All human communities do this. It is a psychological characteristic of our species stemming from the inability of our species to accept ourselves as we are. We cannot accept ourselves as we are, our "impure, complex, less desirable" thoughts, beliefs, and desires, so human beings "project" these "less desireable" thoughts, beliefs and characteristics onto others. Id. This "other" is created by often paying attention to or creating superficial phenotypical differences in humanity itself that have no basis in reality for distinguishing human beings. But rather than accept oneself as one is, our species is so immature, it "creates" an "other" and then projects these traits in itself which it cannot accept onto this "other." It is a complete fabrication, of which humanity is largely unaware, accepts and practices widely, including in Cuba. This is deep unconsciousness and a characteristic of all  human communities and some communities closely related to humans. Id.

The Cuban revolution was largely a socio-economic revolution concurrent with the highest levels of  human consciousness of its time.

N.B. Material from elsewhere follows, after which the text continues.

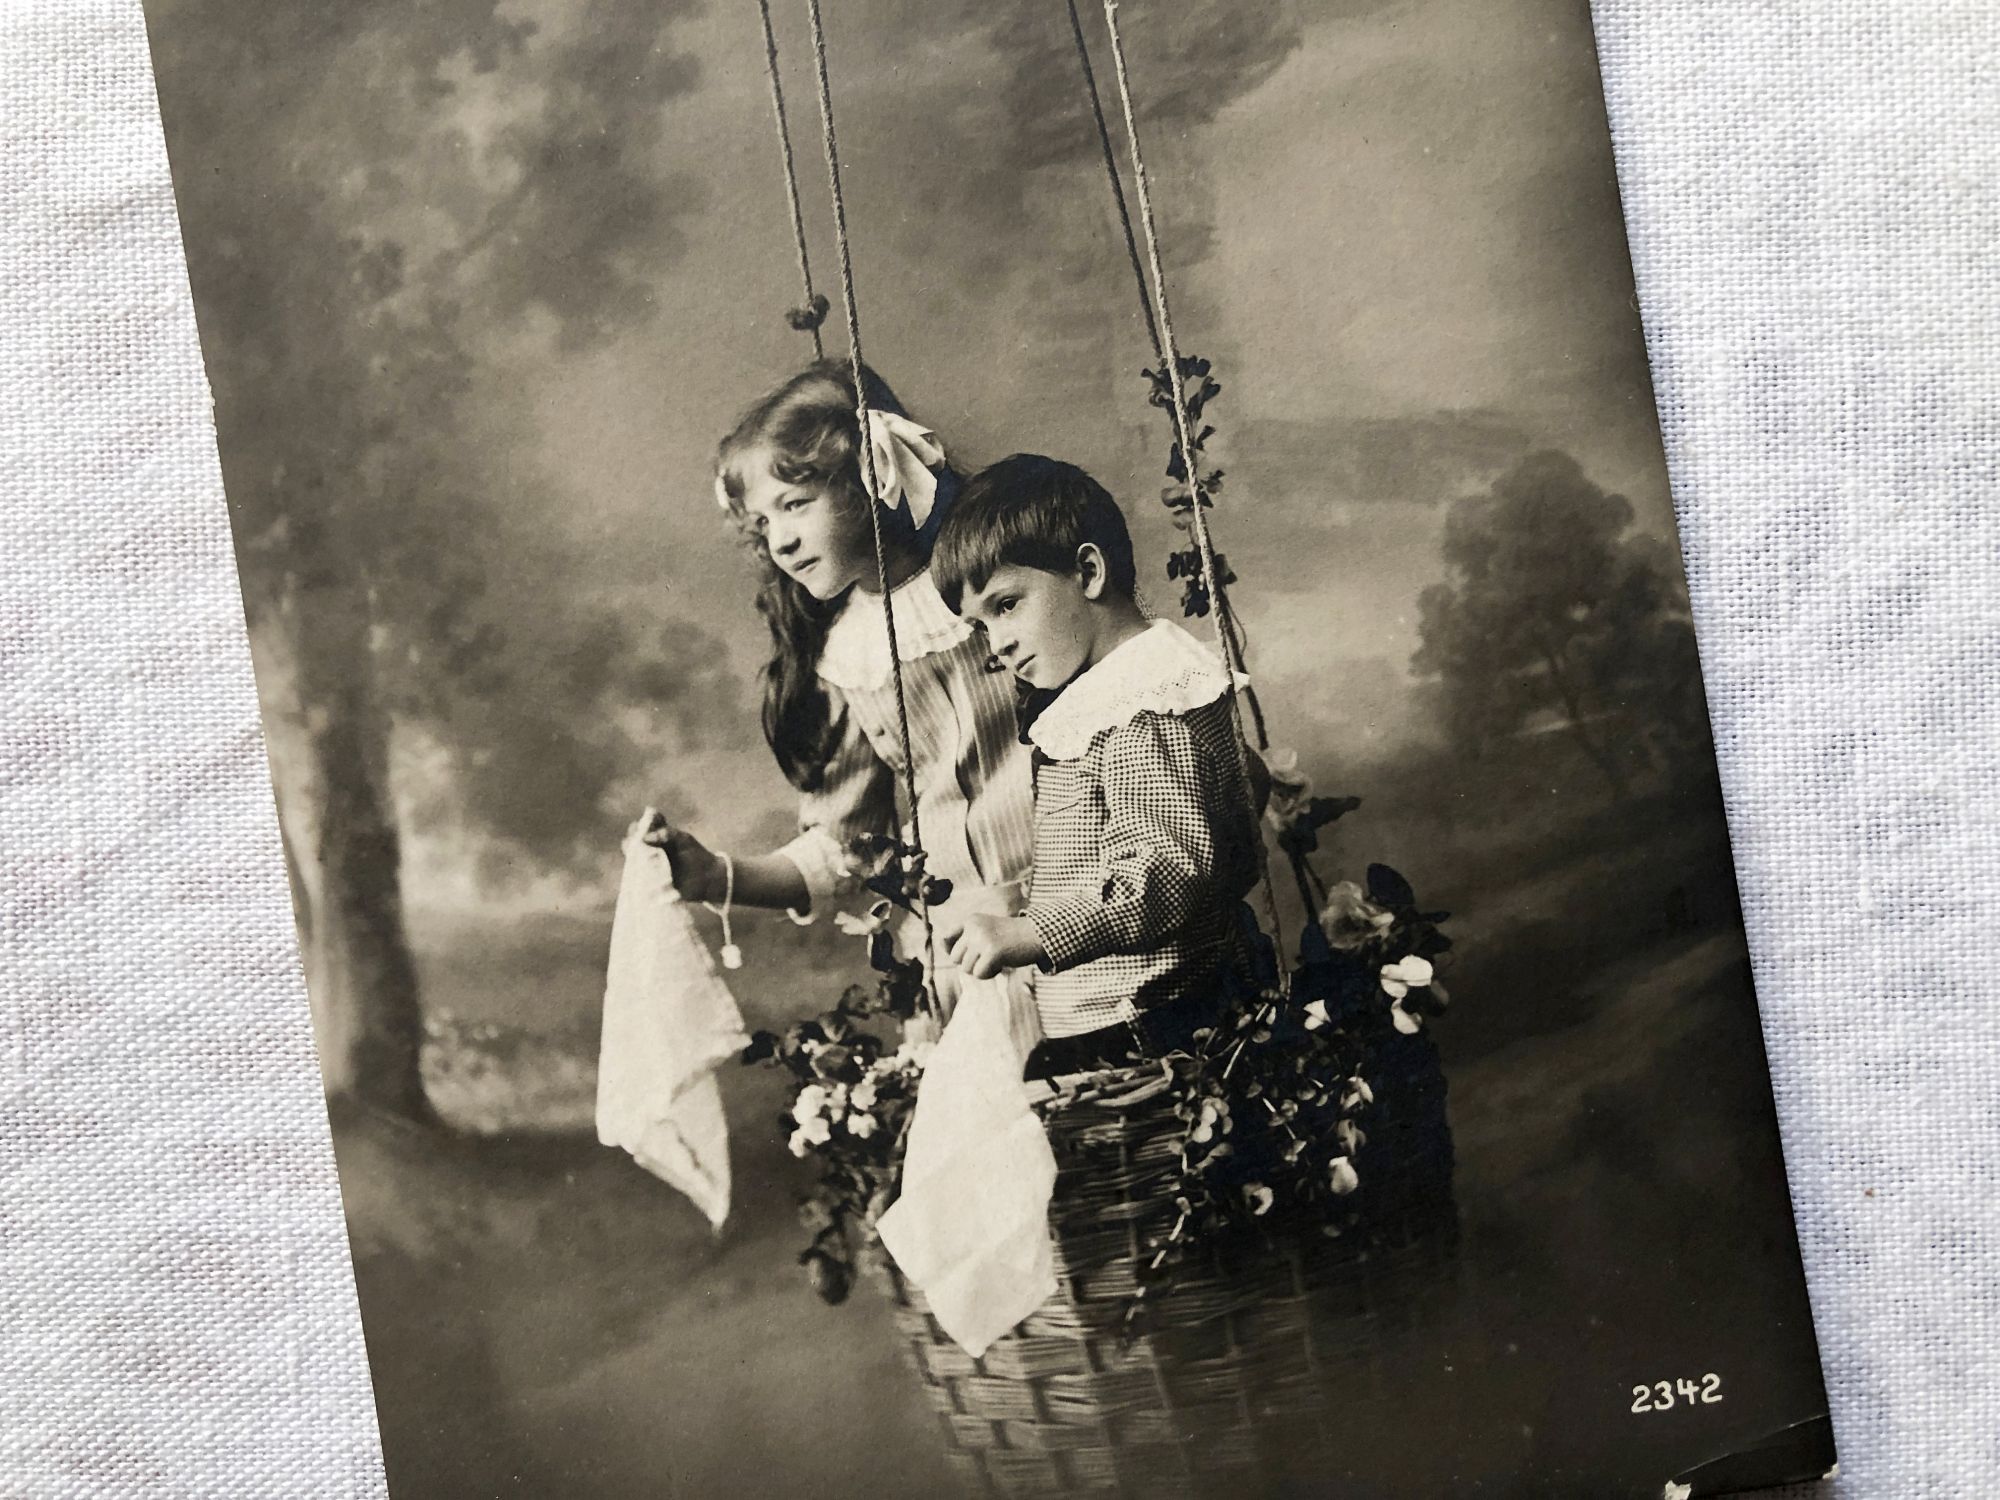 Vintage Belgian postcard representing two children in the basket of a hot-air balloon

Its leaders did not have the consciousness to address the need to transform human psychology and evolve human consciousness itself, rather again, the focus was on transforming human socio-economic systems, but not humans themselves. Perhaps some of the work that remains to be done in Cuba and the world is transforming and evolving human beings themselves, consciousness and behavior,  as opposed to simply changing human systems, including the food system.  Perhaps the problems humanity faces are lodged more deeply than in its socio-economic or food systems. Perhaps, the challenges that remain with humanity are lodged in its deepest psychological nature.

A true understanding of agroecology stems from deep human consciousness  of the oneness of all there is, humanity and nature, and that humanity is nature. When humanity becomes conscious enough to accept agroecology, based on the oneness of the all, it will necessarily then have the consciousnesss to practice oneness among itself as well..

To work for agroecology is therefore to work for the oneness of humanity. To work for agroecology is therefore to work to end the deeply unconscious human practice of  seeing itself as less than one and justifying mistreatment of  "the other." Agroecology is the science of oneness and necessarily requires waking up to the oneness of humanity itself as well as the oneness of all there is.